Bank One Limited (Mauritius)
- Company type: Private
- Industry: Financial services
- Predecessor: First City Bank
- Founded: 2008
- Headquarters: Port Louis, Mauritius
- Key people: Sandra Martyres (Chairman), Mark Watkinson (Chief Executive Officer)
- Products: Banking
- Revenue: MUR 1,317 Million (US$33.4 Million)(2020)
- Total assets: MUR 57.01 Billion (US$1.45 Billion) (2020)
- Owner: CIEL Limited (50%) I&M Group Plc (50%)
- Number of employees: 421 (2020)
- Website: www.bankone.mu/en/

= Bank One Mauritius =

Banking company in Mauritius

Bank One Mauritius is a full service commercial bank based in Mauritius and jointly owned by CIEL Finance Limited and I&M Group PLC.

The CIEL group owns 75% of CIEL Finance, and Amethis Finance Corporation, which manages investment funds for the African continent, owns the other 25%.

CIEL is one of the largest groups in Mauritius, with operations in 10 countries and 35,000 employees.
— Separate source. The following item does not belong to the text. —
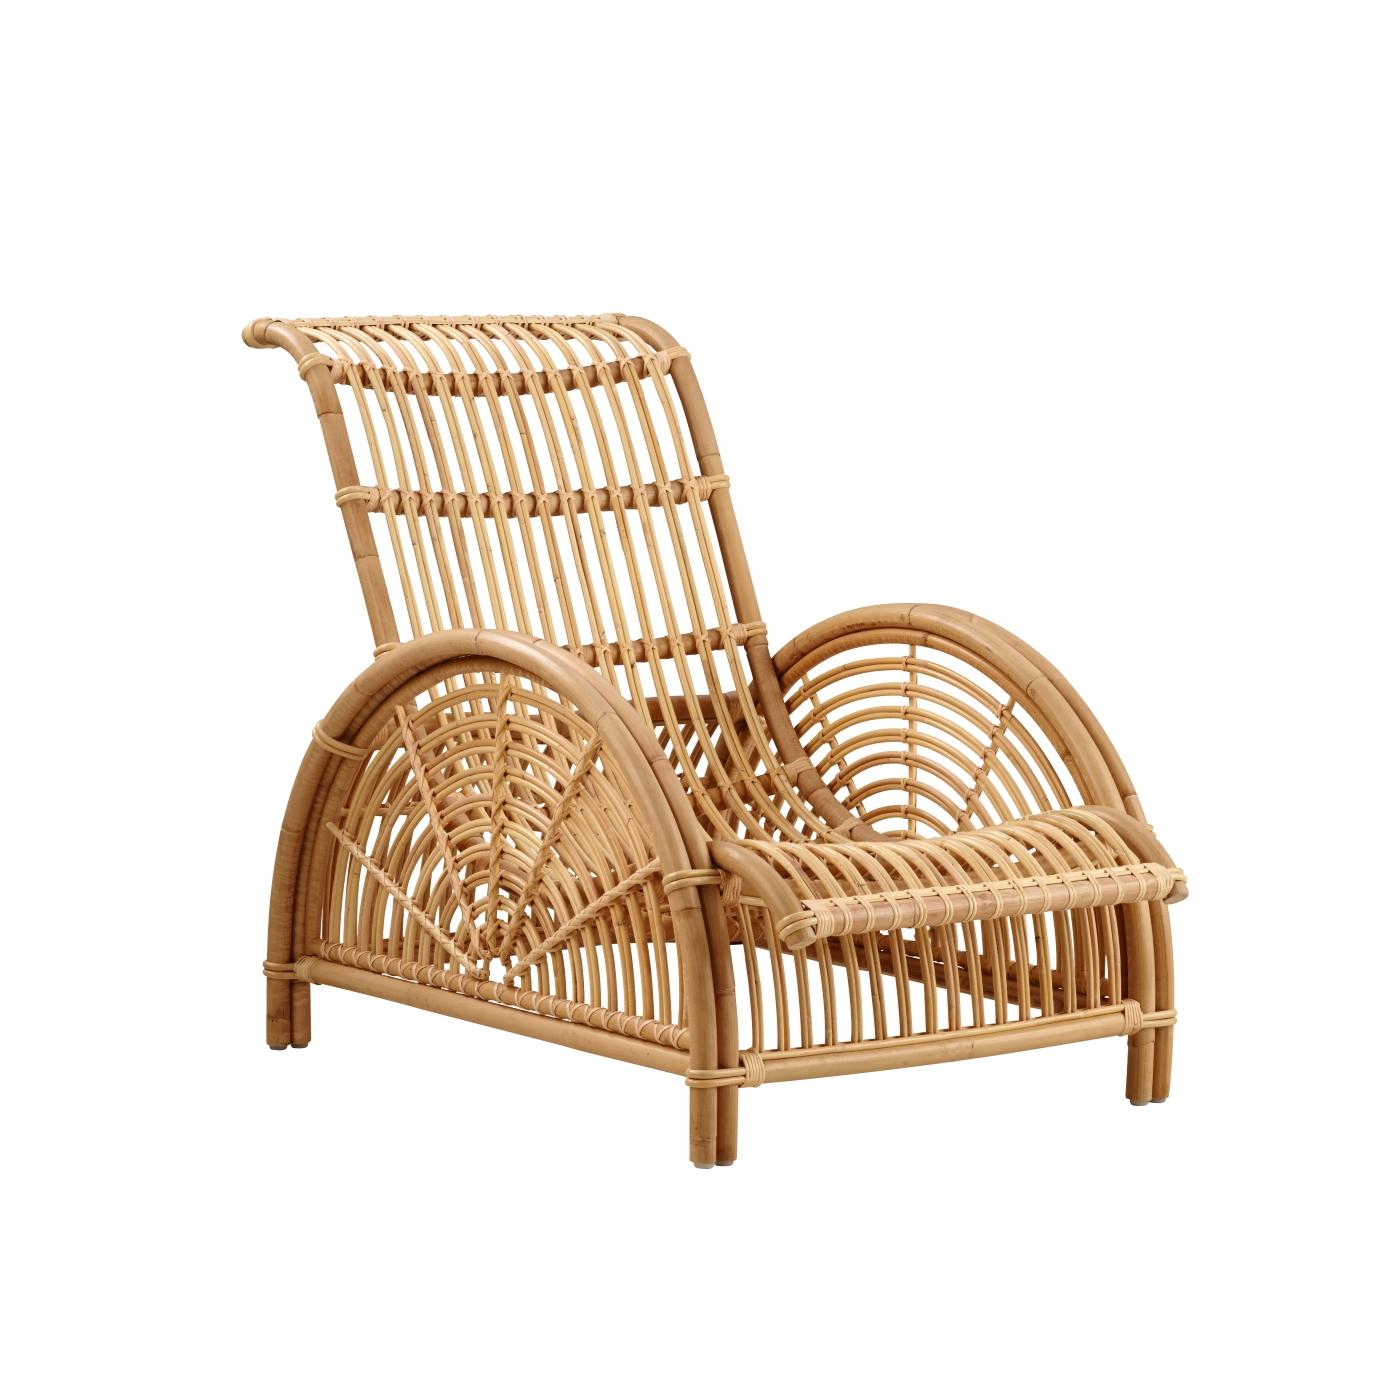 Rottingstol Paris av Arne Jacobsen.

The group is publicly listed in Mauritius.

I&M has interests in banking, insurance, manufacturing, and real estate and has operations in Kenya, Tanzania, Uganda, Rwanda and Mauritius. The group is listed on the Nairobi Stock Exchange and is one of the oldest publicly owned companies in Kenya.

Bank One has a team of 421 staff and has domestic retail and corporate banking operations and cross border businesses focused on Sub-Saharan Africa, serving the following segments: wealth management, custody, private banking, corporate and financial institutions.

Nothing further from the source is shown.